Lucia had locked the door when we left for the restaurant, but that hadn’t stopped the interloper. The door had been forced, breaking the frame. Most of the damage was on the inside—apply enough inward force, and that happens.

Adam shouldered the door open and paused, then he kept going. I followed him, wishing for a gun, but I’d left my Sig Sauer in the safe at work and my .44 S&W at home. I hadn’t wanted to retrieve the Sig with all the police and Cantrip agents running around. Maybe I was going to start leaving a gun in each car, too.

Just inside the door, I understood exactly what had made Adam pause. Something had marked territory in the house. I wrinkled my nose. It wasn’t a dog. Or—and I thought about Zack’s complaint about his hotel room—a human peeing in the corner.

“If that is Guayota, I’m going to completely revise my opinion on the manners of primitive gods,” Gary whispered.
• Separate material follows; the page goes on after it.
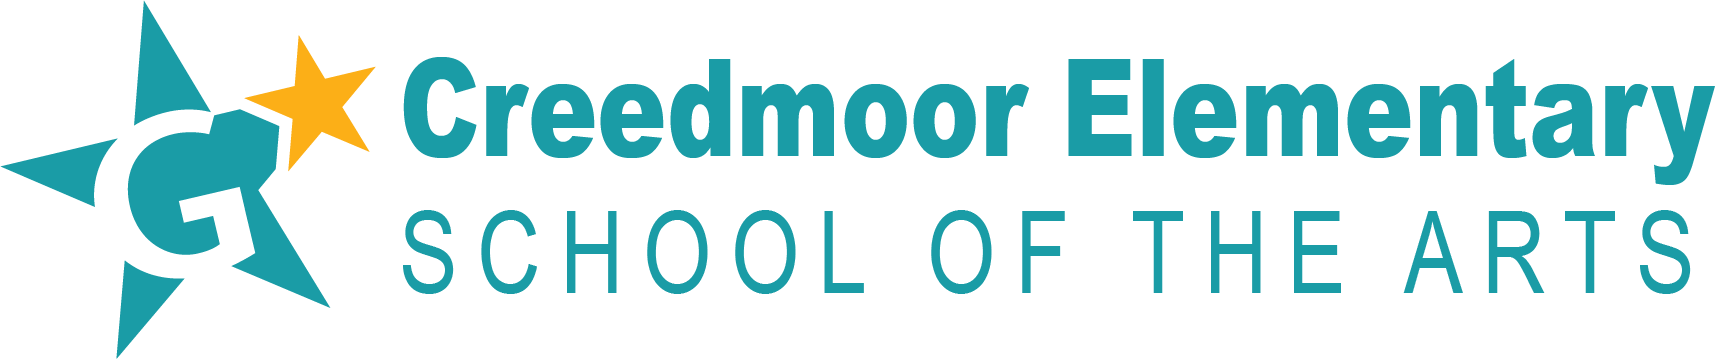 Creedmoor Elementary
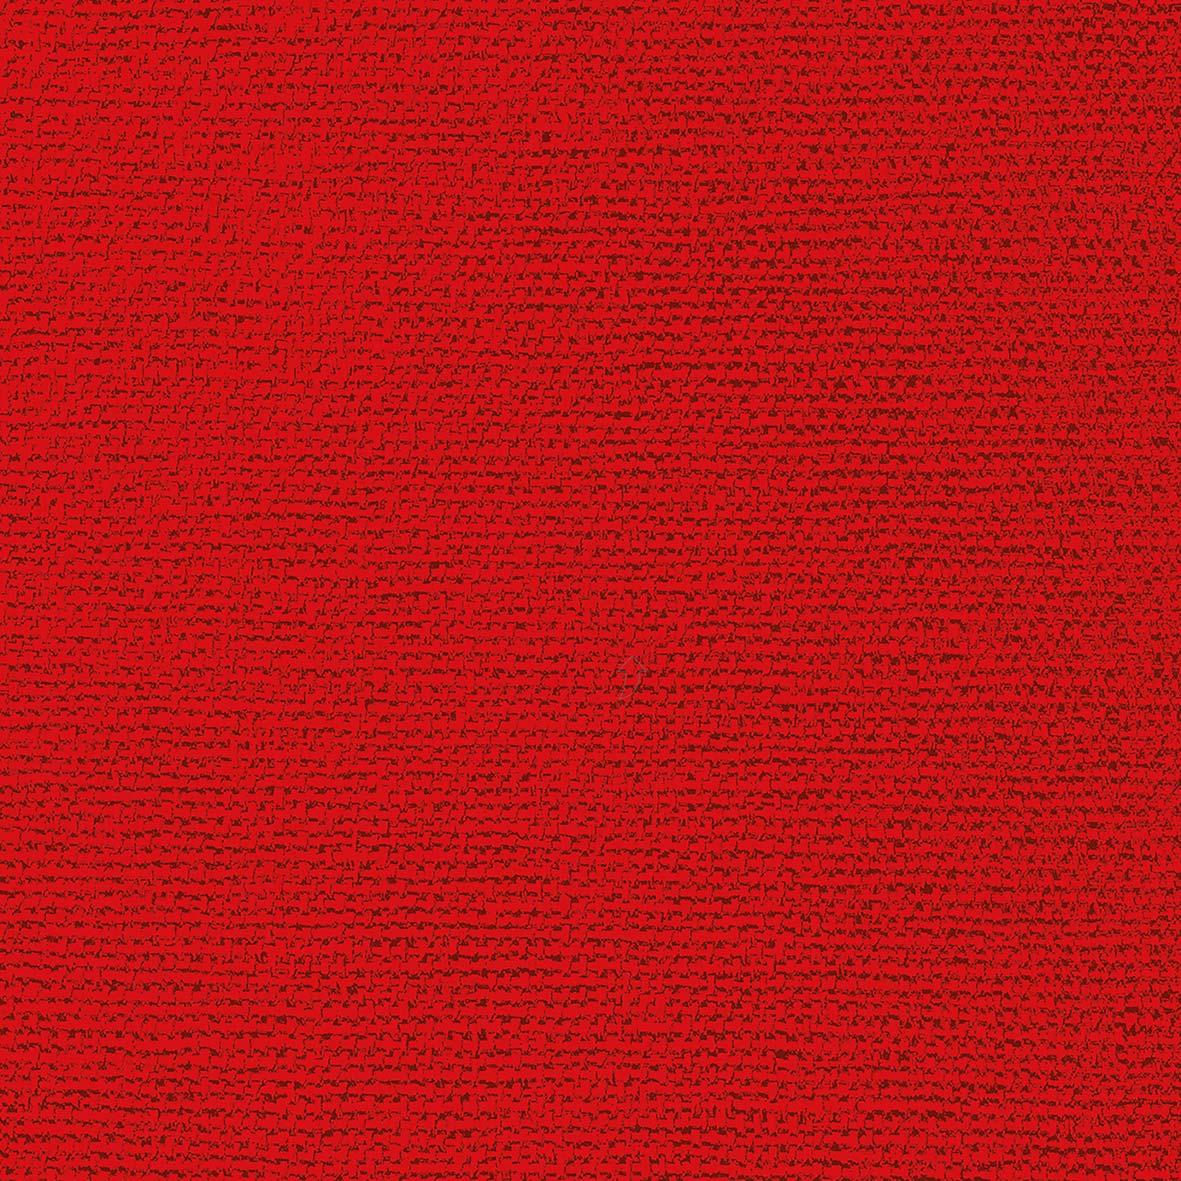 Canvas red Napkin 33x33

“You have heard some of the stories about Coyote, haven’t you?” I asked. True, I hadn’t heard any about him marking territory, but a lot of Coyote stories sound like something thought up in locker rooms by a bunch of horny teenage boys. I was pretty sure Coyote enjoyed those the most. Maybe they were all true.

Adam glanced back at us, and I caught the reproach. He didn’t chatter when he was scared. Adam was the man in charge. Wolf in charge. So if he wanted quiet, we’d better give it to him.

The blood smell had faded once we were in the house—so nothing had died here. I didn’t think. But the urine made it so rank—Lucia was coughing—that I couldn’t be sure.

Nothing alive in here. Tell her to get her things, and we’ll go back to the kennels. Adam’s voice slid into my head like warm honey.

I’d never told him how much I liked it, because, like telling him how sexy it was when he did sit-ups when I could see his bare stomach, it could never be unsaid. He had enough power over me already. He didn’t need to know how weak I was.

I love it when you talk this way to me, too, Adam told me.

“Adam says that whoever broke in is gone now,” I said, trying not to smile because it would be inappropriate. “We’ll have you pack something, then check on the dogs.” I didn’t tell her what I was afraid we’d find in the kennels. Free to run, they might have stood a chance against what I’d faced in my garage. But they hadn’t been free to run. “Where is your bedroom?”

“Second door on the left,” she said.

The door was closed, and I opened it because it was less likely to take damage if it was me than if it was Adam. Werewolves break things like doorknobs. As soon as I opened it, the smell of urine and musk quadrupled. I glanced inside. It looked as though a giant dog had torn the room to bits, piled everything up in the middle of the bed, and peed all over it. Which might have been exactly what happened.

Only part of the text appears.